Command Mean [ms] Min [ms] Max [ms] Relative
zig-http-client 46.2 ± 7.5 40.2 63.6 1.79 ± 0.30
curl 91.0 ± 5.2 87.4 114.1 3.52 ± 0.23
rust-attohttpc 66.5 ± 76.1 39.0 400.2 2.57 ± 2.94
rust-hyper 27.1 ± 2.2 24.1 32.8 1.05 ± 0.09
rust-reqwest 29.0 ± 3.1 24.2 34.7 1.12 ± 0.13
rust-ureq 25.9 ± 0.9 24.4 30.1 1.00
go-http-client 42.6 ± 2.8 35.8 53.1 1.65 ± 0.12
python-http-client 394.3 ± 15.2 375.3 420.1 15.25 ± 0.78

Rust server

Command Mean [ms] Min [ms] Max [ms] Relative
zig-http-client 68.3 ± 30.8 57.2 214.3 5.97 ± 2.81
curl 53.8 ± 0.9 52.2 56.3 4.70 ± 0.65
rust-attohttpc 63.2 ± 126.3 23.6 640.9 5.52 ± 11.06
rust-hyper 15.6 ± 3.6 10.2 25.3 1.36 ± 0.36
rust-reqwest 17.1 ± 3.4 11.3 27.5 1.49 ± 0.36
rust-ureq 11.4 ± 1.6 9.5 14.8 1.00
go-http-client 23.8 ± 3.4 14.8 30.6 2.08 ± 0.41
python-http-client 367.0 ± 4.3 362.2 377.2 32.07 ± 4.41
orhun commented 1 year ago

Thanks you both @truemedian @dnaka91 for taking time to look into this and making the benchmarks more fair! I fully understand the reasoning behind your comments and those improvements make total sense to me. Will get to #3 soon and add a review!

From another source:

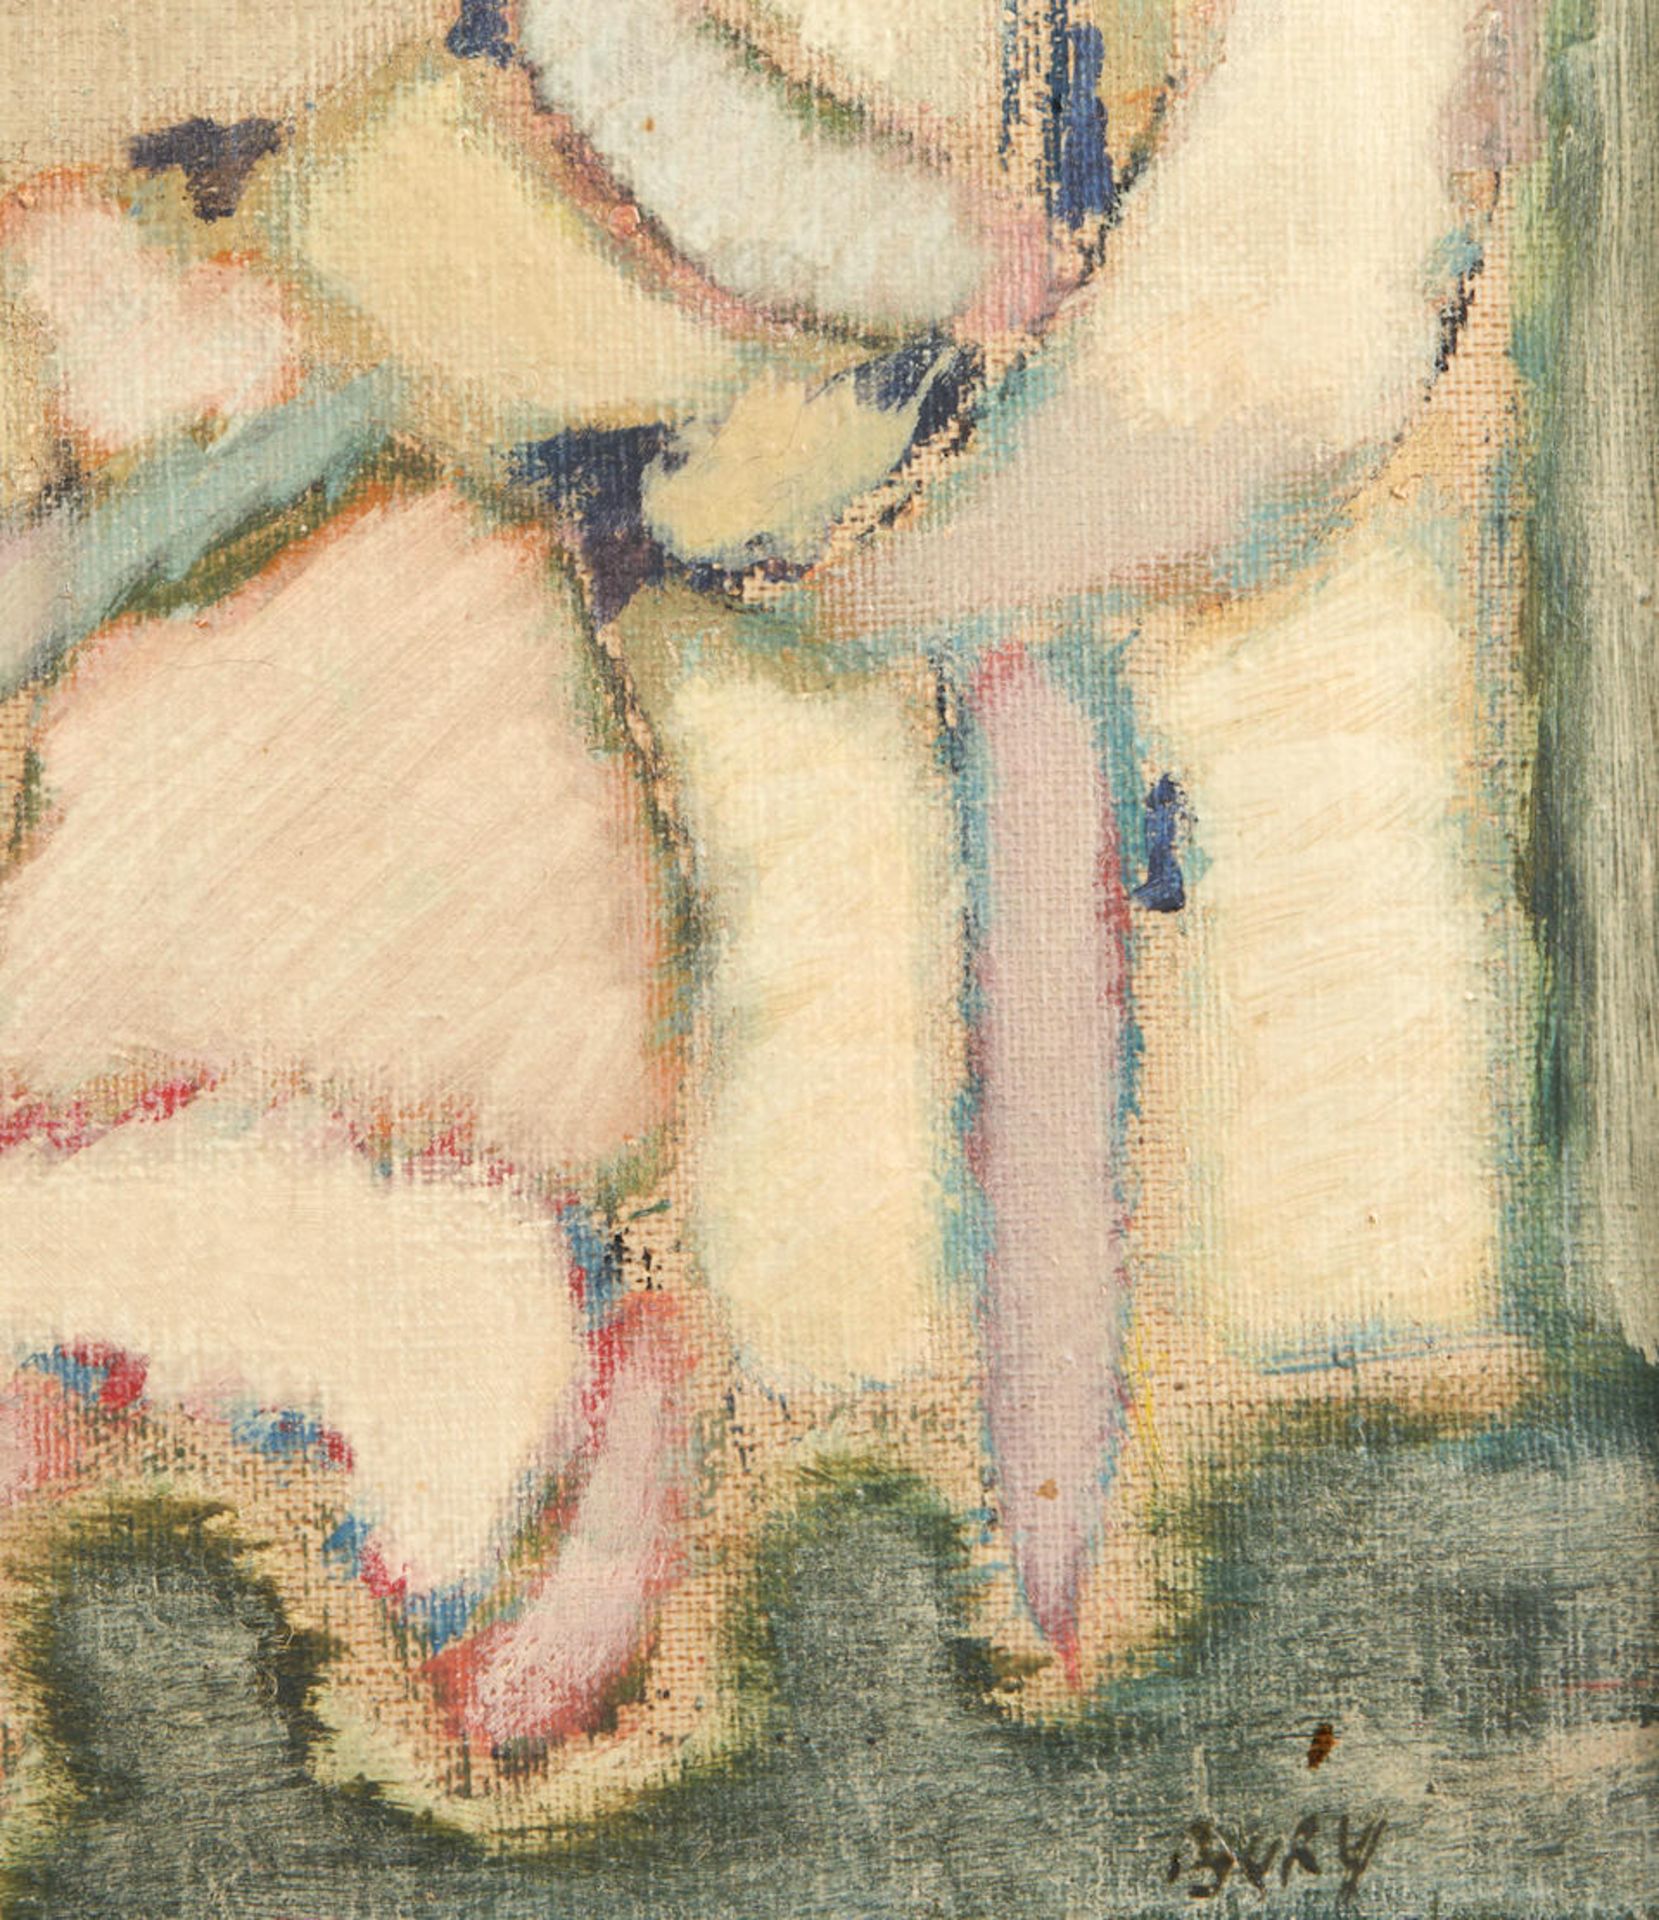 POL BURY (Belgian, 1922-2005) Untitled (framed 56.5 x 47.0 x 3.0 cm (22 1/4 x 18 1/2 x 1 1/8 in).) - Bild 2 aus 4

dnaka91 commented 1 year ago

Really appreciate the input from @truemedian. That helped me a lot to do further tweaks on my adjustments for this benchmark.

I feel my current implementation of #3 still needs a few adjustments. Currently, there are some differences in how the requests and URLs are constructed. Some implementations re-use the instances from the previous loop iteration, some rebuild them every time.

Probably doesn't make much of a difference, but will move things a bit to make it at least consistent.